For periodic sounds, the sinusoidal components are all harmonics of some fundamental frequency. If in addition they can be constrained to vary together in amplitude over time, then they can be implemented using a single wavetable containing one period of the sound. Amplitude shaping is handled by multiplying the output of the wavetable look-up by an amplitude-envelope generated separately [186,167]. Using interpolation (typically linear, but sometimes better), the table may be played back at any fundamental frequency, and its output is then multiplied by the amplitude envelope shared by all harmonics. (The harmonics may still have arbitrary relative levels.) This form of ``wavetable synthesis'' was commonly used in the early days of computer music. This method is still commonly used for synthesizing harmonic spectra.^G.8

Note that sometimes the term ``wavetable synthesis'' is used to refer to what was originally called sampling synthesis: playback of sampled tones from memory, with looping of the steady-state portion to create an arbitrarily long sustain [165,27,107,193]. This book adheres to the original terminology. For sampling synthesis, spectral phase-modifications (Chapter 8) can be used to provide perfectly seamless loops [165].

Group-Additive Synthesis

The basic idea of group-additive synthesis [130,69] is to employ a set of wavetables, each modeling a harmonic subset of the tonal components making up the overall spectrum of the synthesized tone.

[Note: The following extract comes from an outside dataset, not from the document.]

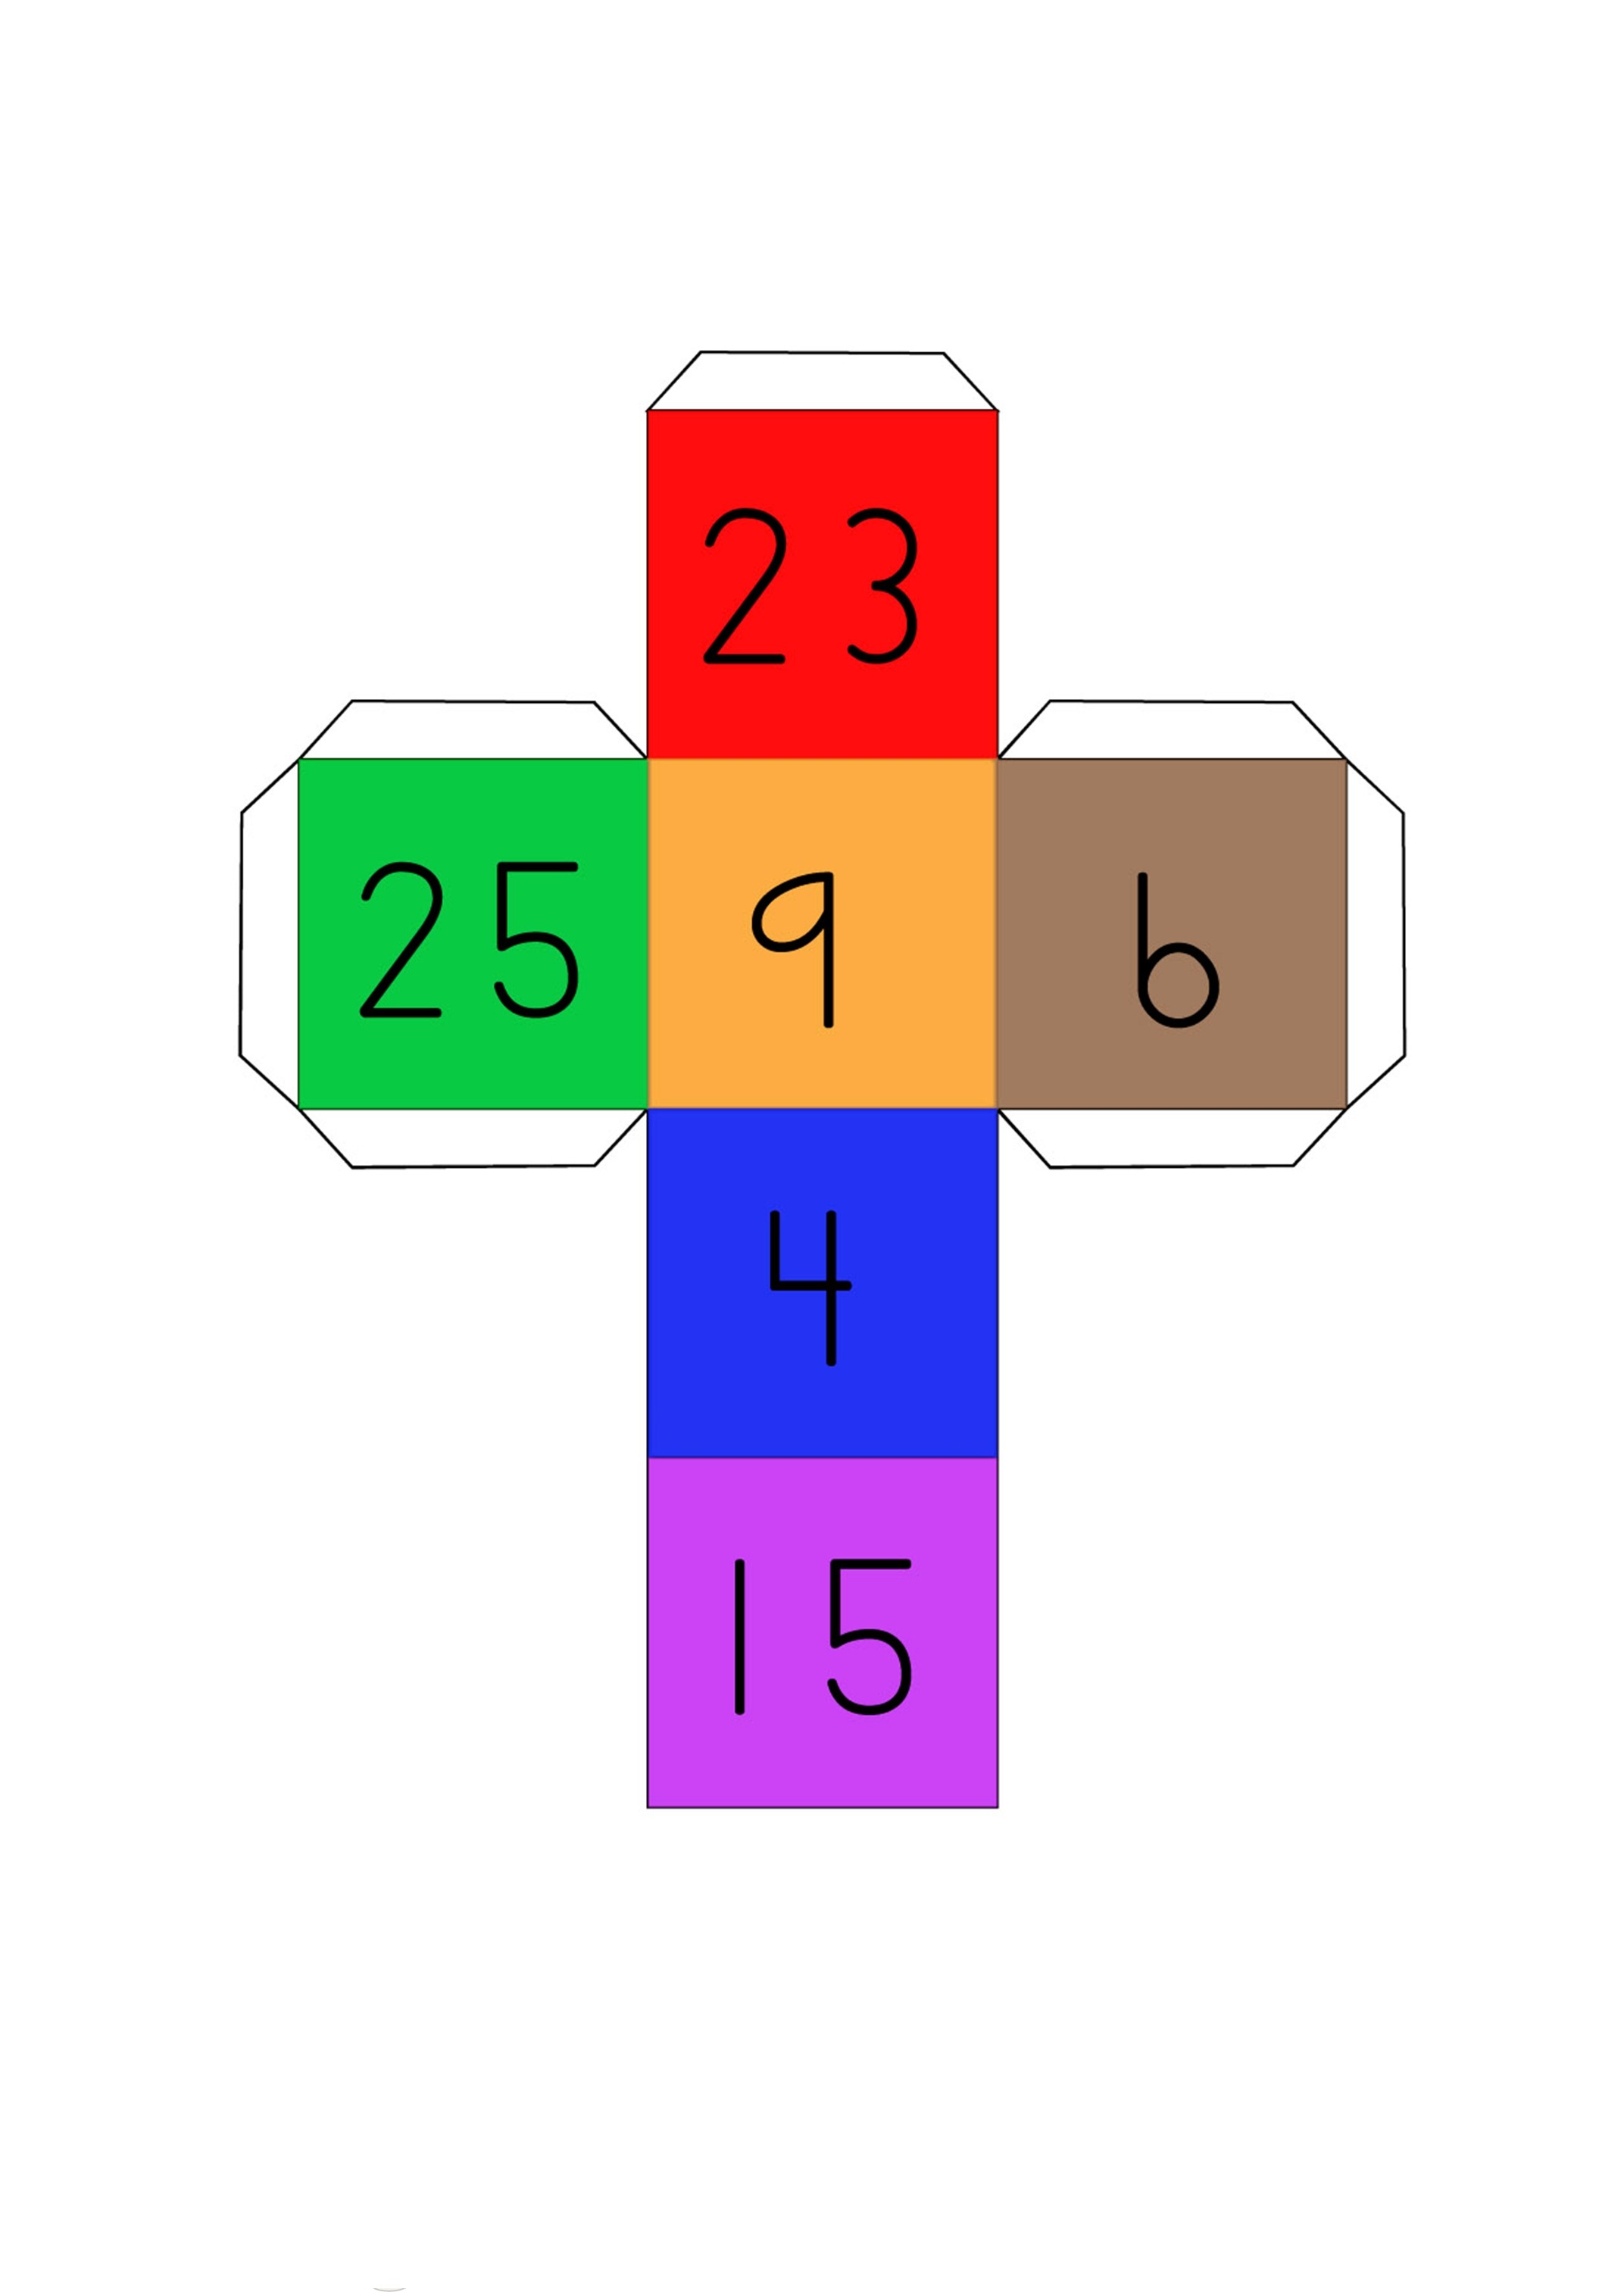 Matemaatikaga seotud mängud Cubico16

Since each wavetable oscillator is independent, inharmonic sounds can be synthesized to some degree of approximation, and the amplitude envelopes are not completely locked together. It is important to be aware that human audio perception cannot tell the difference between harmonic and inharmonic partials at high frequencies (where ``high'' depends on the fundamental frequency and timbre to some extent). Thus, group-additive synthesis provides a set of intermediate points between wavetable synthesis and all-out additive synthesis.